Muchos factores gravitan sobre nosotros con la intención de que nos comunalicemos.
Tal vez coincidamos (ya lo hemos dicho en variadas ocasiones) que la cultura constituye el factor más importante (que asume la condición necesaria y suficiente) que nos vincula como sociedad.
Luce válido admitir que comunidad, sociedad y cultura crean un tejido indisoluble. Un sistema, pues; y siendo tal, si alguno de sus componentes se deteriora, obviamente repercute y afecta de modo severo a los otros dos, que también construyen esa interesante tríada.
Dicho más claro y directo. Cultura-sociedad-comunidad están imbricadas de tal manera que se hace imposible su desanudamiento.
A partir del trasfondo cultural que le es intrínseco, la comunidad y la sociedad adquieren una estrategia de producción material de bienes y servicios, ciertamente, para poder subsistir; al tiempo que generan las claves simbólicas: los constructos escolares, su entramado epistemológico, las ideas, escritos, palabras, artes, los contenidos cognitivos para reproducirse.
Como producto de la compenetración de aquéllas tres nacen las cìvitas o ciudades, y por ende la esencia de los atributos y cualidades que nos hacen ciudadanos.
Aunque se tengan las mejores intenciones de diseñar los espacios de las urbes. Así tengamos la disposición de hacer maravillas en las dimensiones geográficas para las urbes, para que den base a las ciudades y a sus respectivos elementos patrimoniales, si no hay en nosotros suficiente densidad cultural y civilidad de nada valdrán tantos esfuerzos.
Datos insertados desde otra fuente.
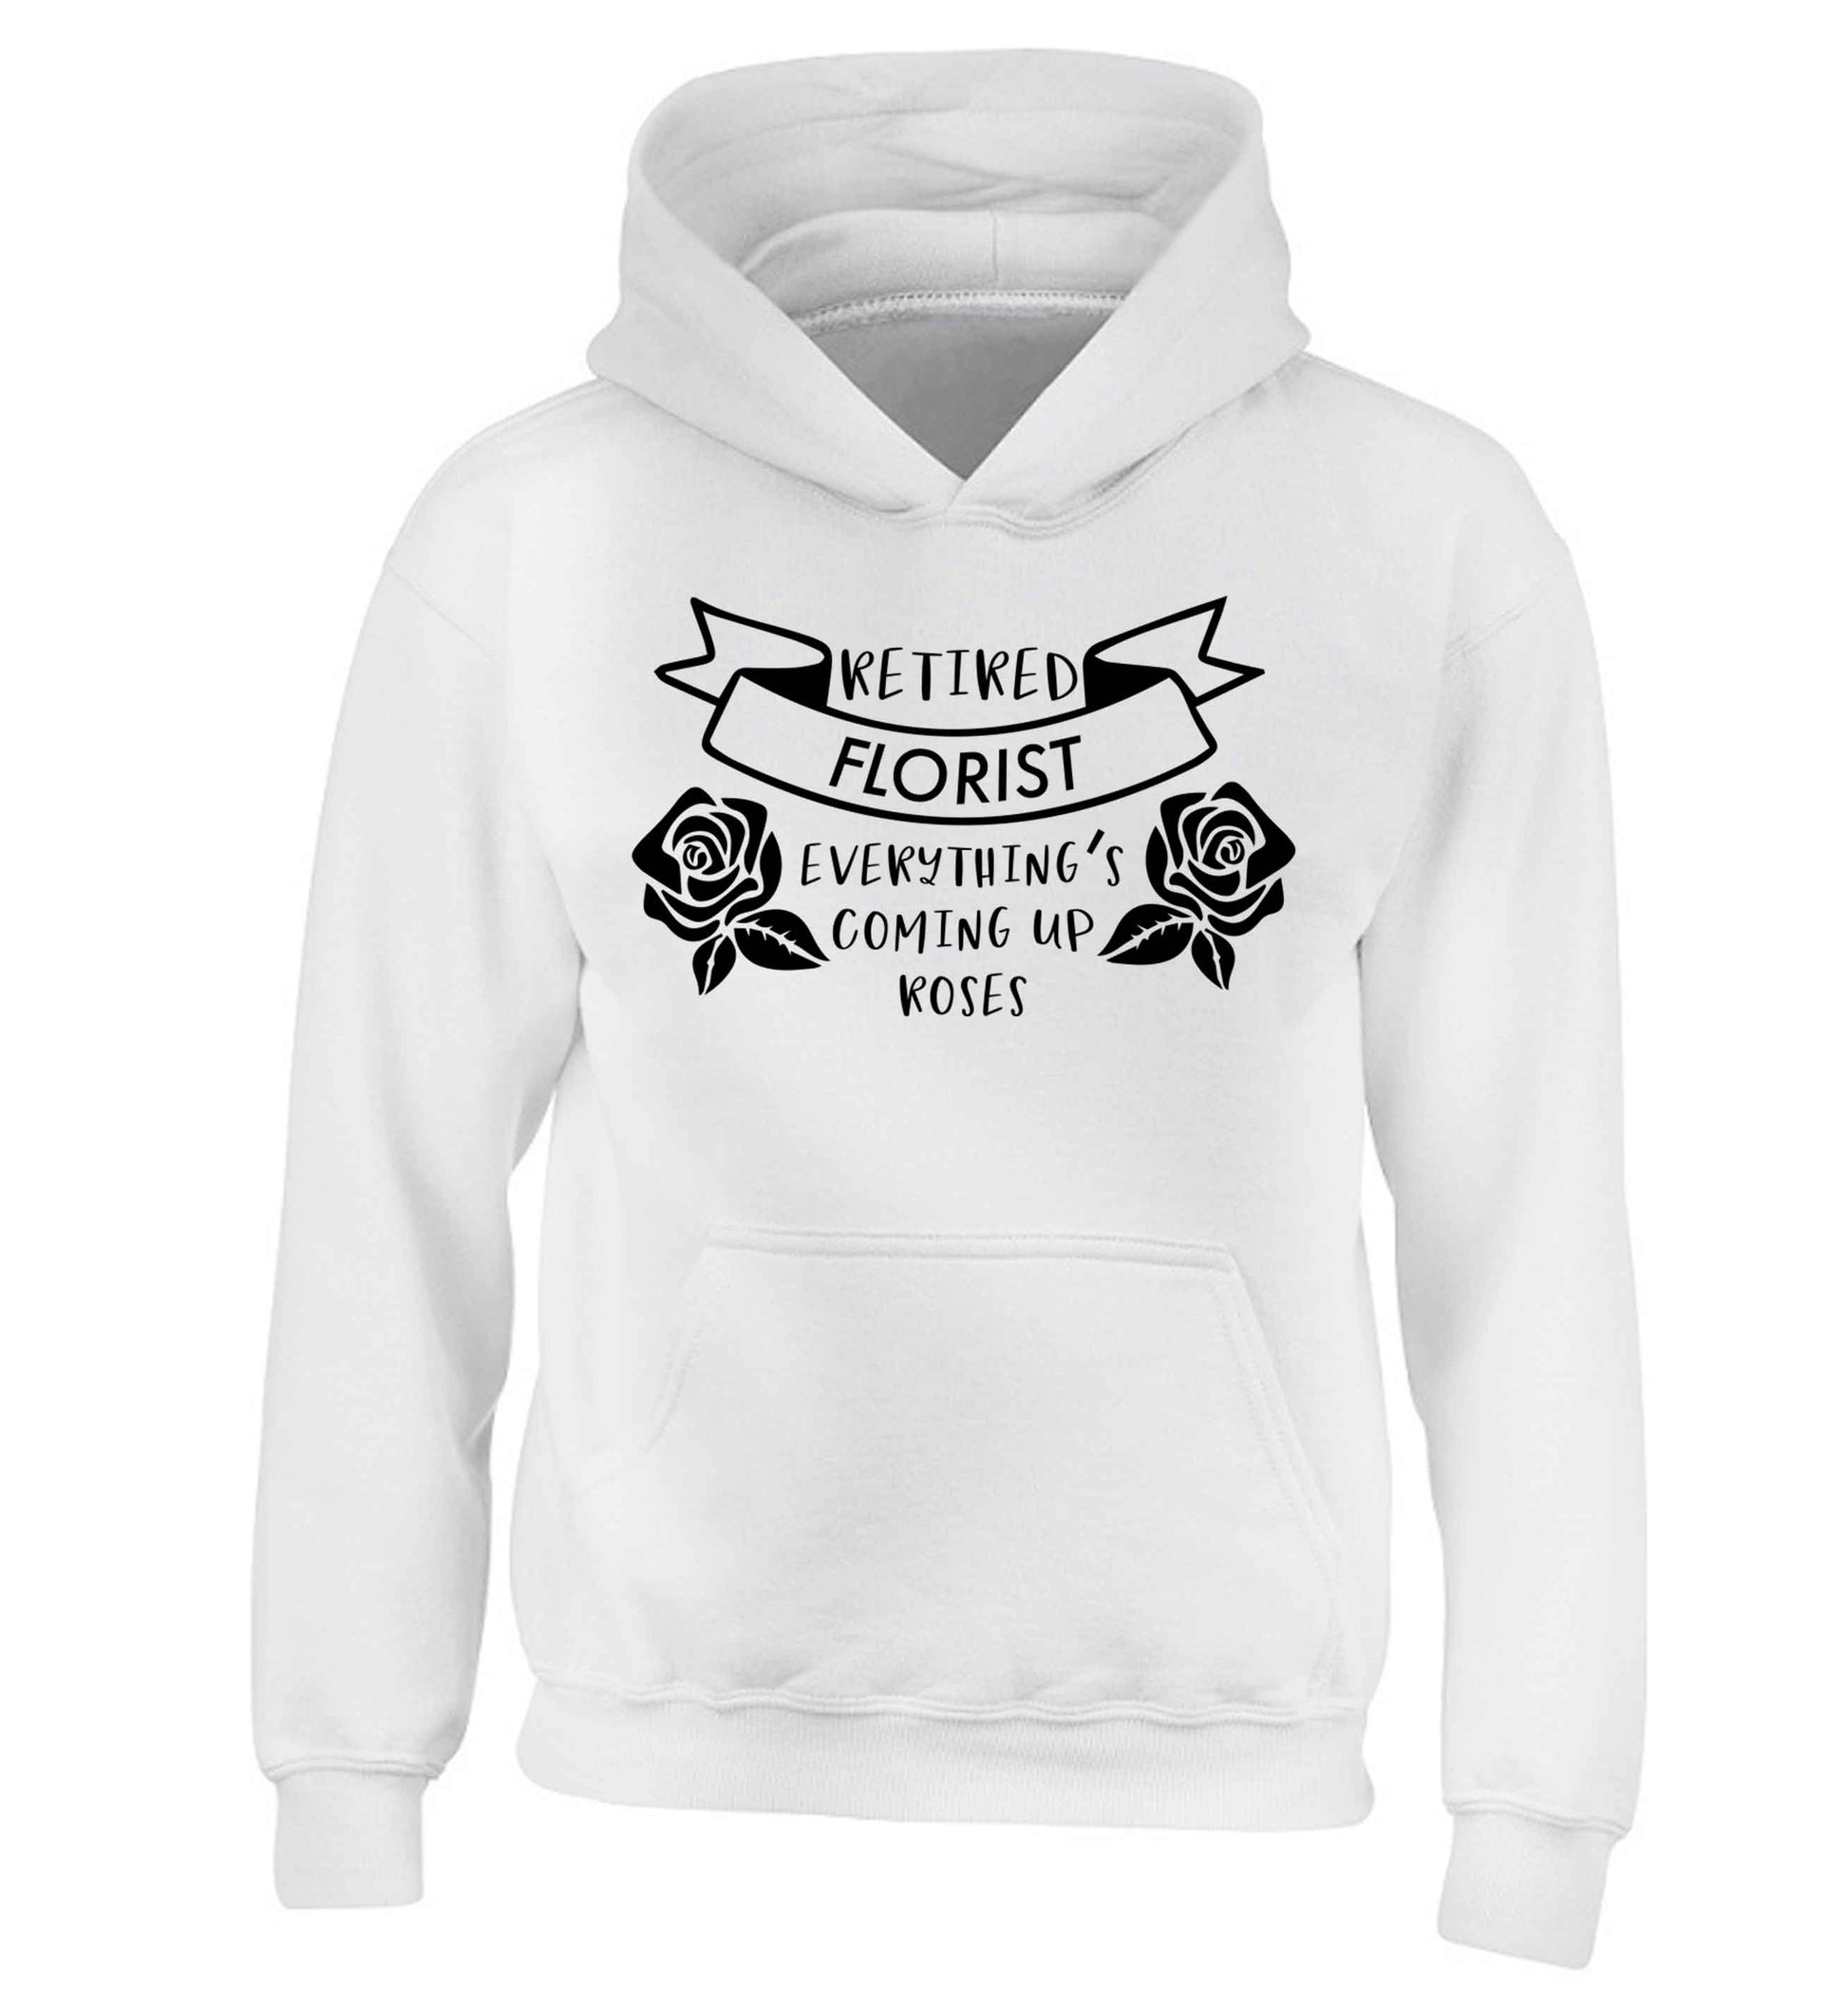 Retired florist everything's coming up roses children's white hoodie 12-13 Years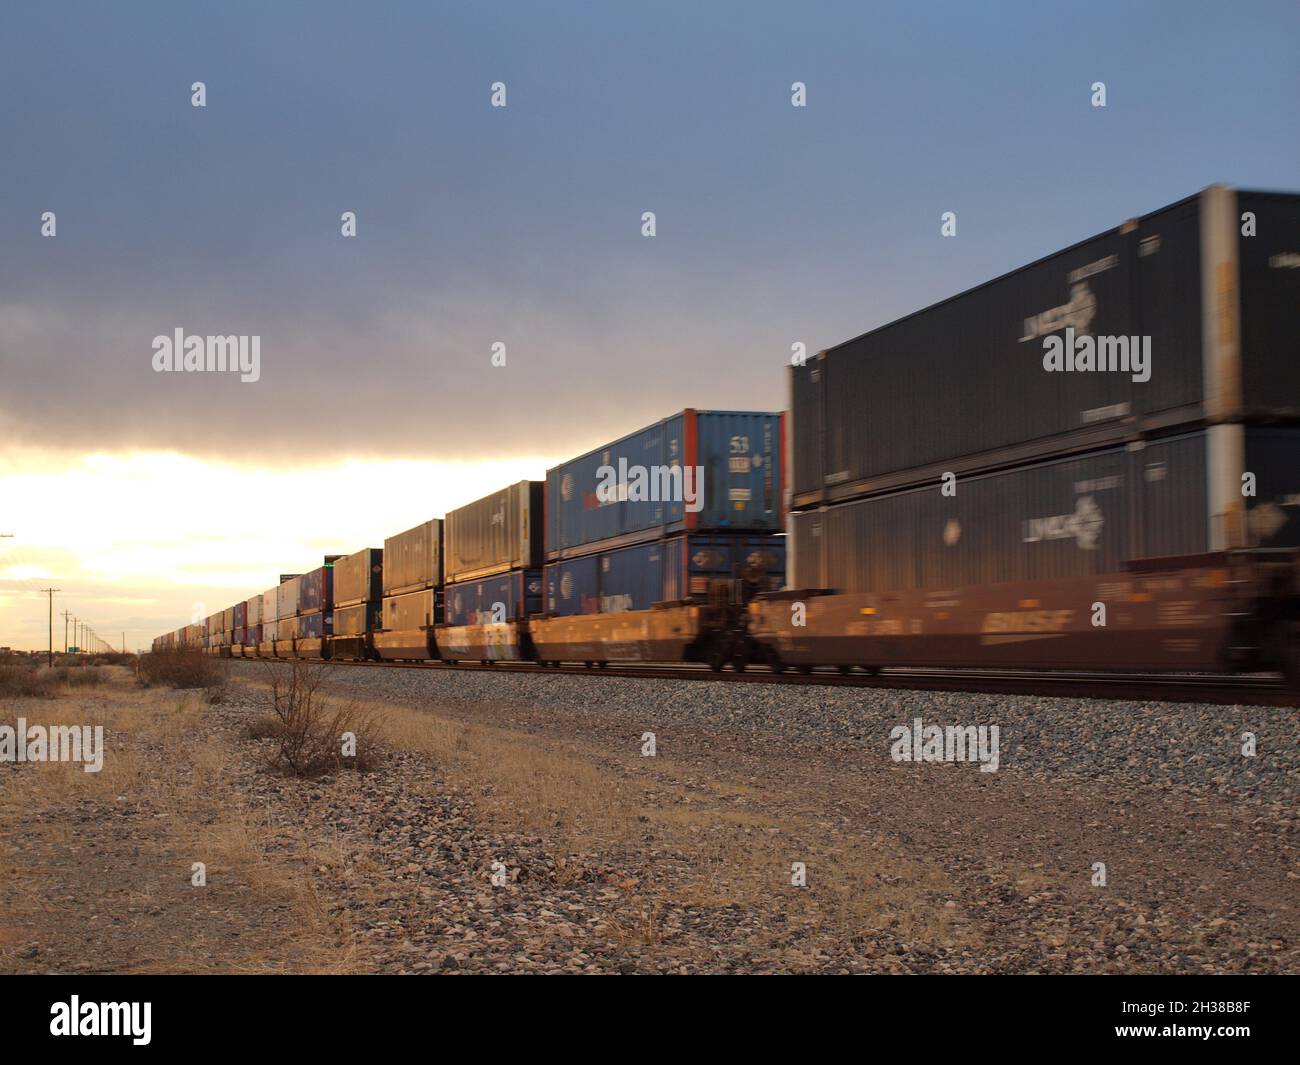 Union Pacific train through the American Southwest at Deming, New Mexico. Both enclosed auto carriers and containers are shown heading west at speed. Stock Photo

Por un lado, se estará haciendo y por el otro se vendrá destartalando.
Una cosa es arreglar la urbe y otro “distinta y complementaria” es la espesura de cultura que portemos.
Otro hecho bastante llamativo es que sólo el sesgo legal nos ha importado cuando tratamos la civilidad.
Fíjese, reclamamos vía jurídica, los atropellos que desde el Estado se comenten contra nuestra condición de ciudadanos.
Tal reivindicación nos parece muy bien. Pero, ¿Cómo nos comportamos frente a la sociedad-comunidad?
La ciudadanía debe hacerse con autorregulación, con carácter pacífico y muy responsablemente.
A la dimensión legal de la ciudadanía debemos sumar la visión filosófica que nos indica el tipo de sociedad que aspiramos construir, el fin último que deseamos alcanzar en la integración social que perseguimos.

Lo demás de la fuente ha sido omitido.